▶ Problem to solve
Return the listing in full and exactly, but without a single picture.

▶ Collected data
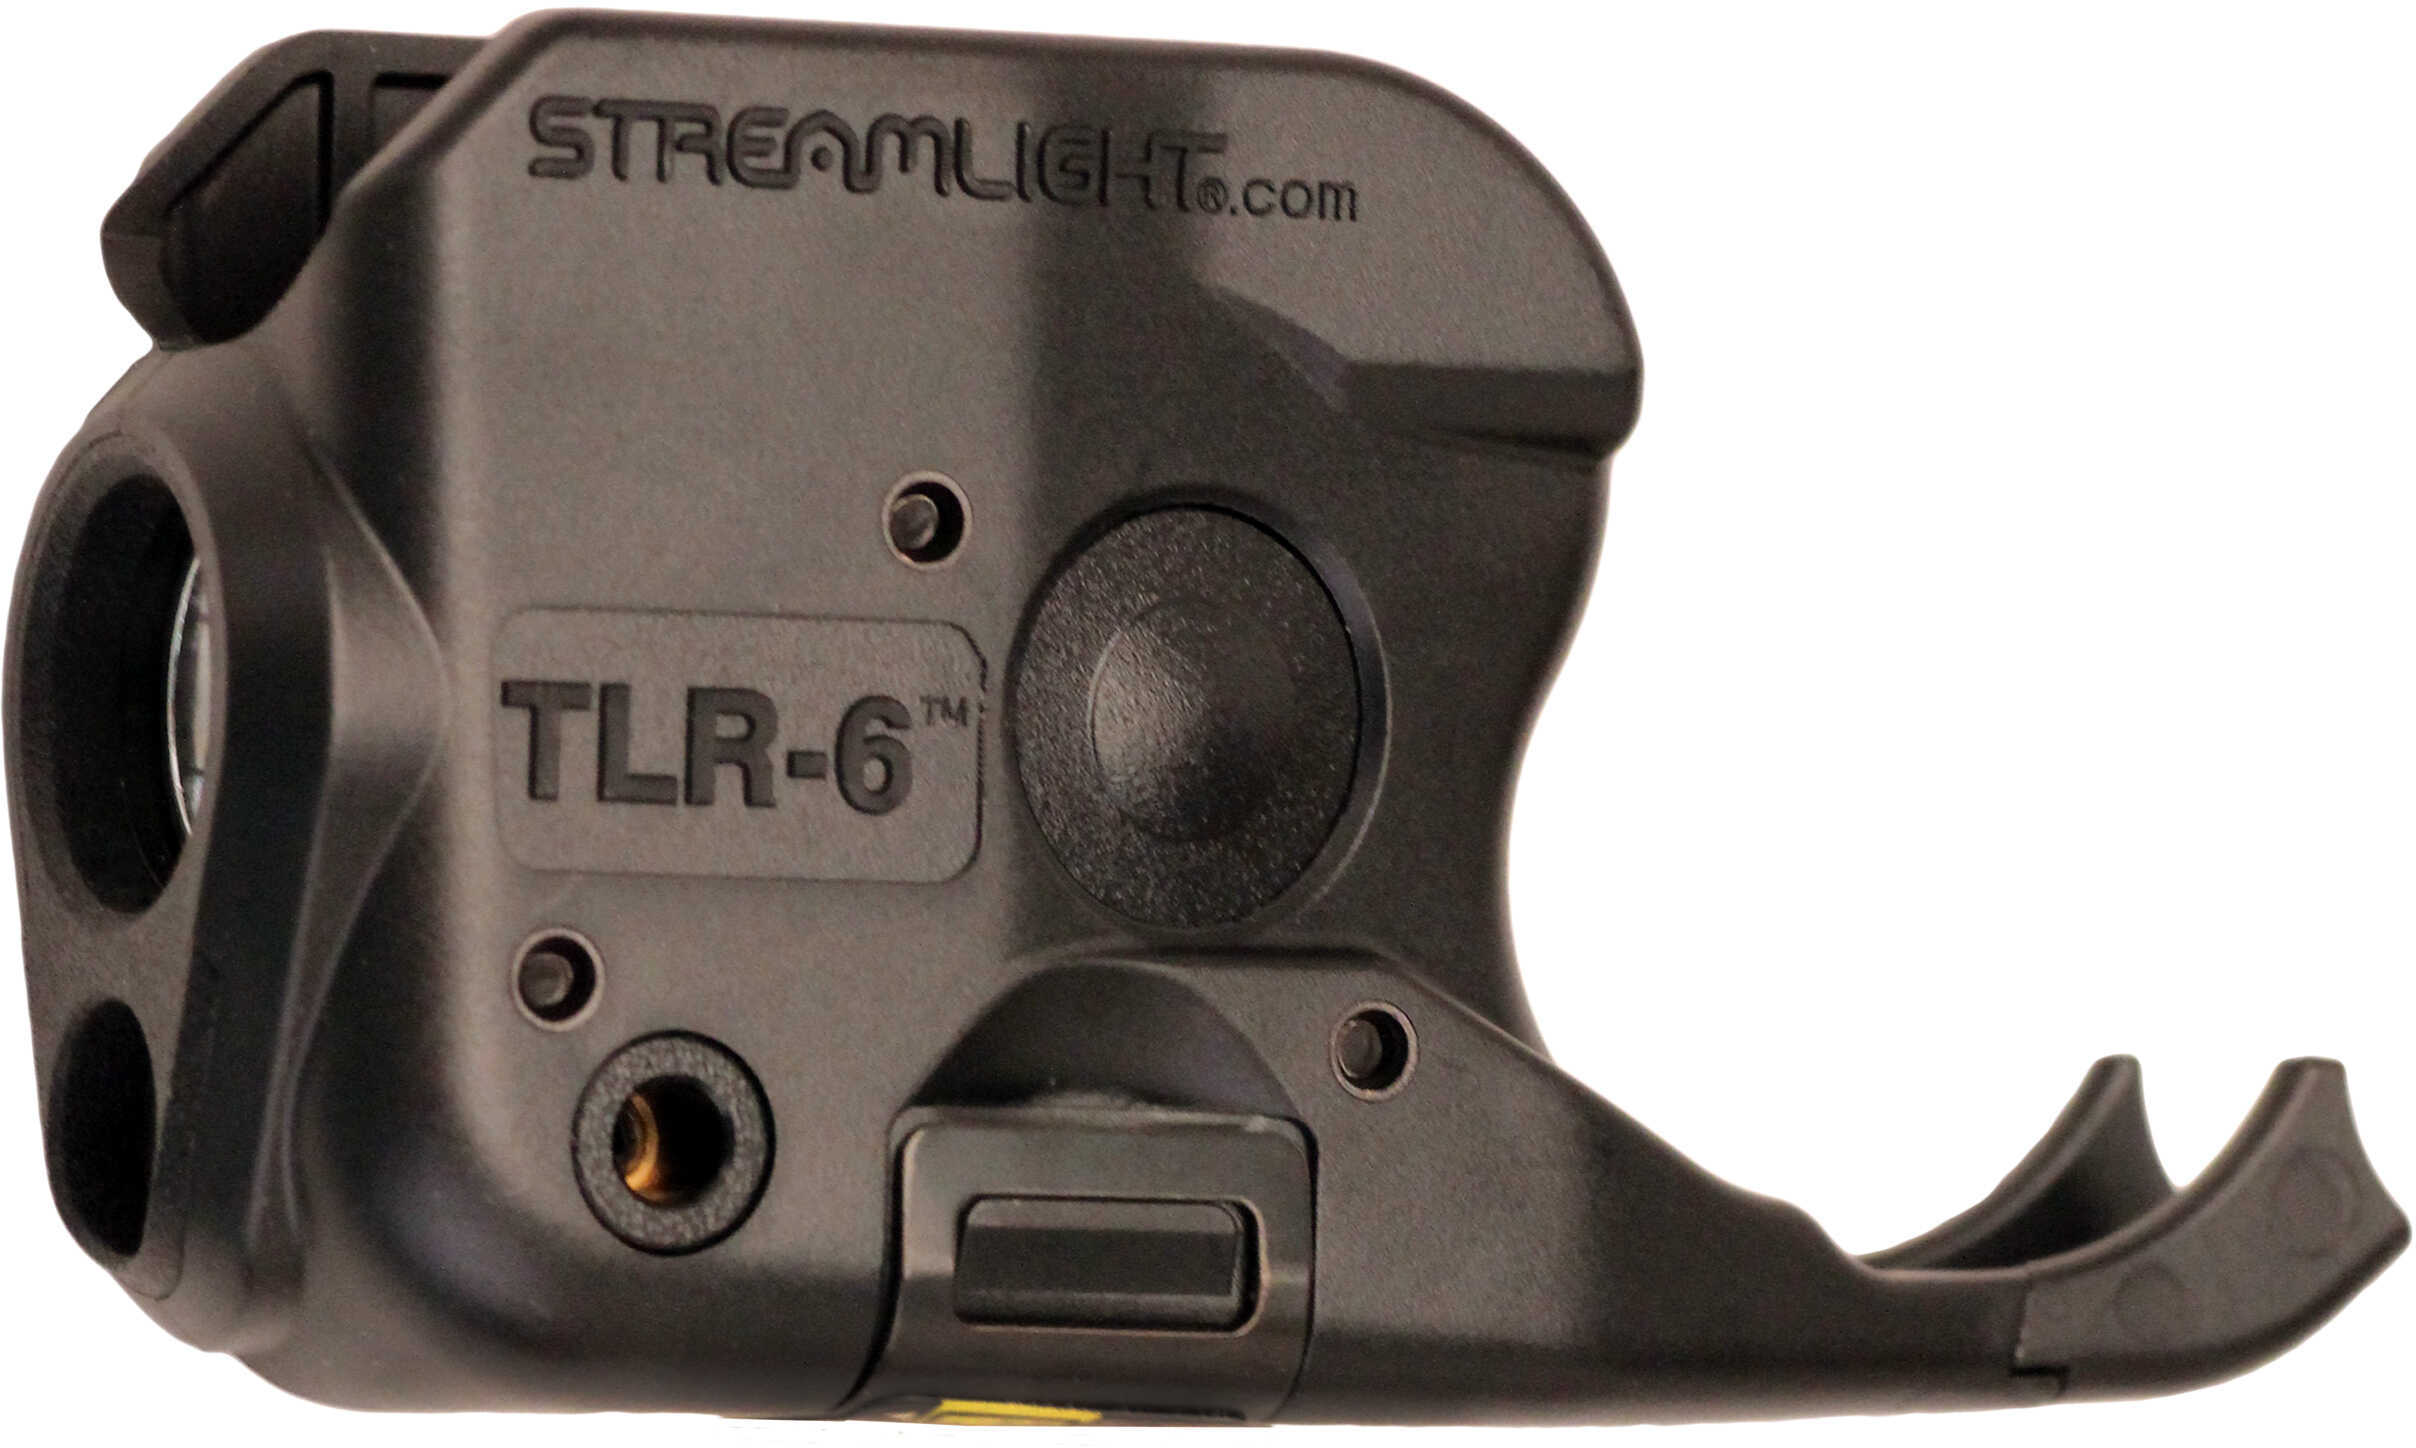 Streamlight TLR-6 Tac Light w/laser For SIG P238/P938 White LED and Red Laser Includes 2 CR 1/3N Lithium Batteries Black
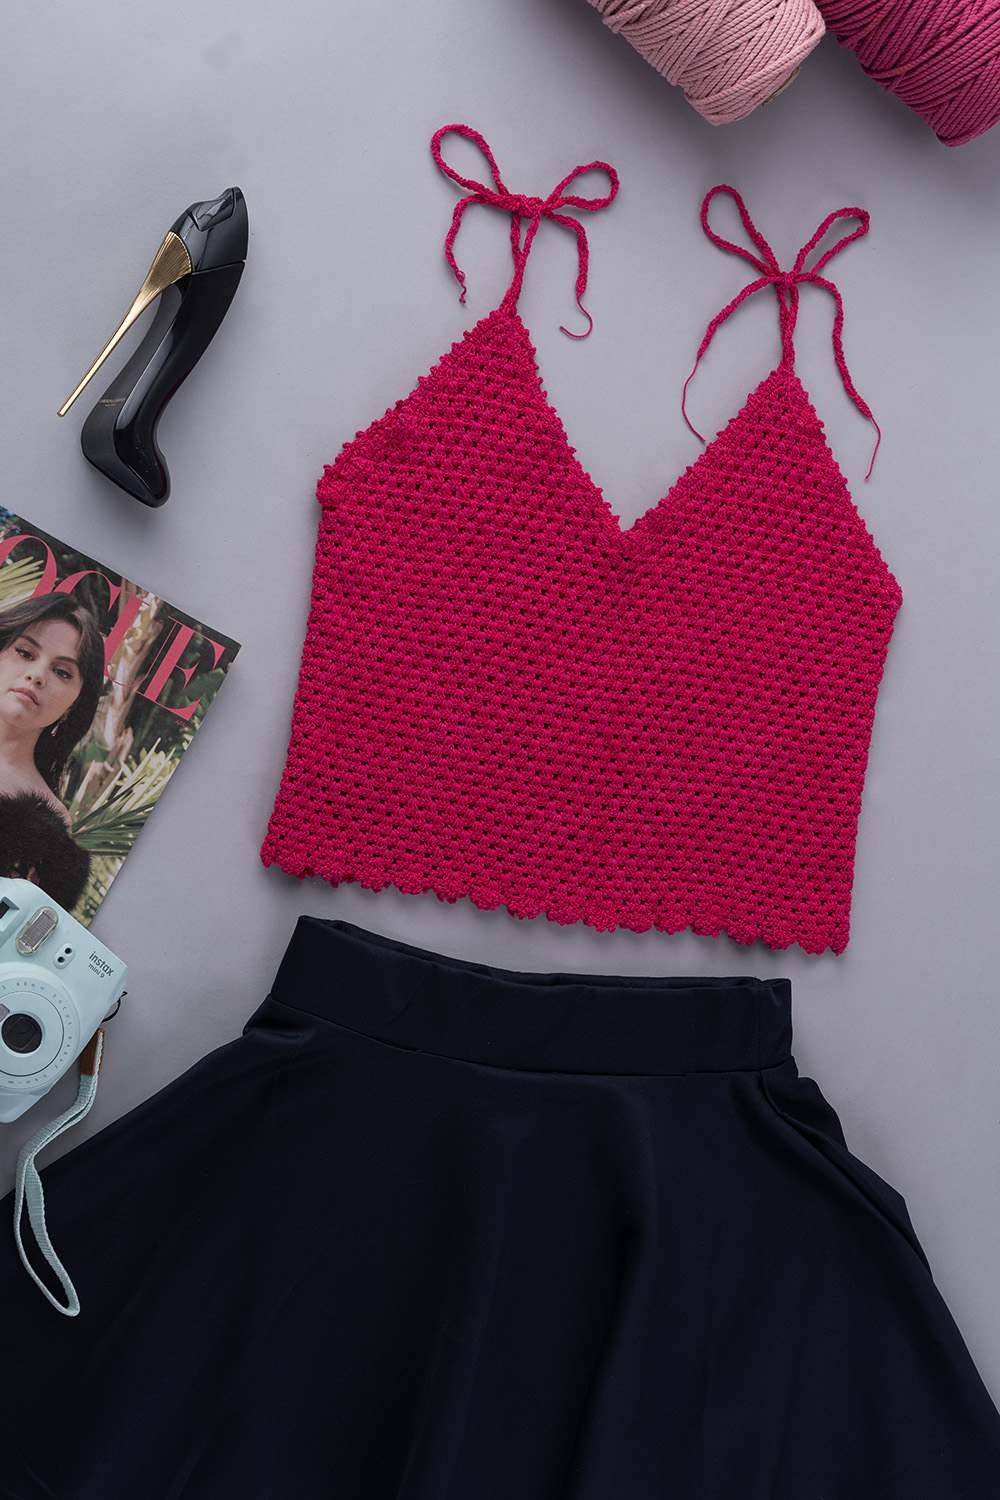 Buy Crochet V Neck Dark Pink Top In the Best Price - Hand Knitted Crochet Top & Bralette
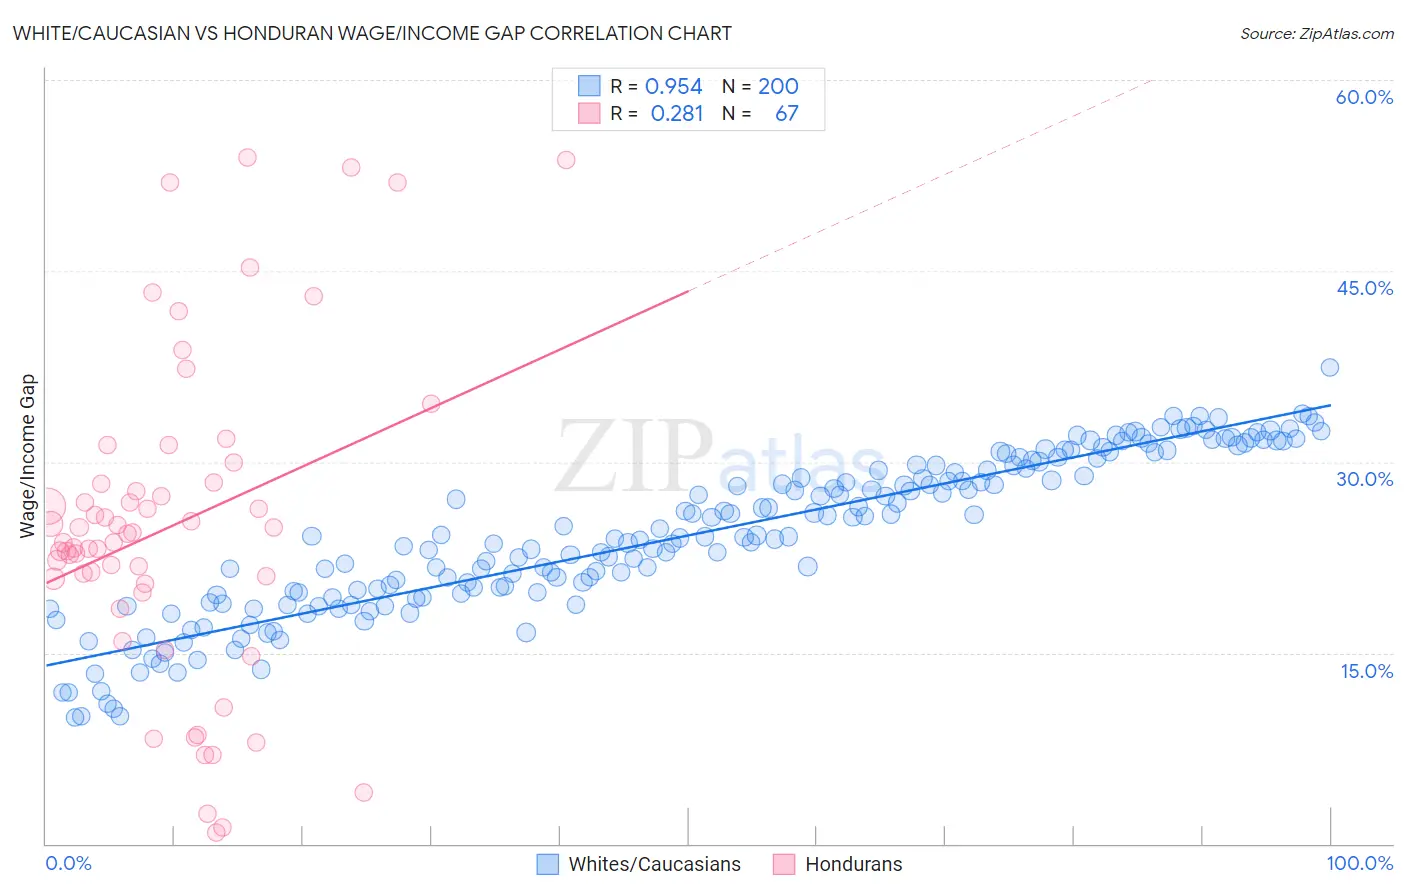 White/Caucasian vs Honduran Wage/Income Gap

▶ Task response
 Streamlight TLR-6 Tac Light w/laser For SIG P238/P938 White LED and Red Laser Includes 2 CR 1/3N Lithium Batteries Black
 Buy Crochet V Neck Dark Pink Top In the Best Price - Hand Knitted Crochet Top & Bralette
 White/Caucasian vs Honduran Wage/Income Gap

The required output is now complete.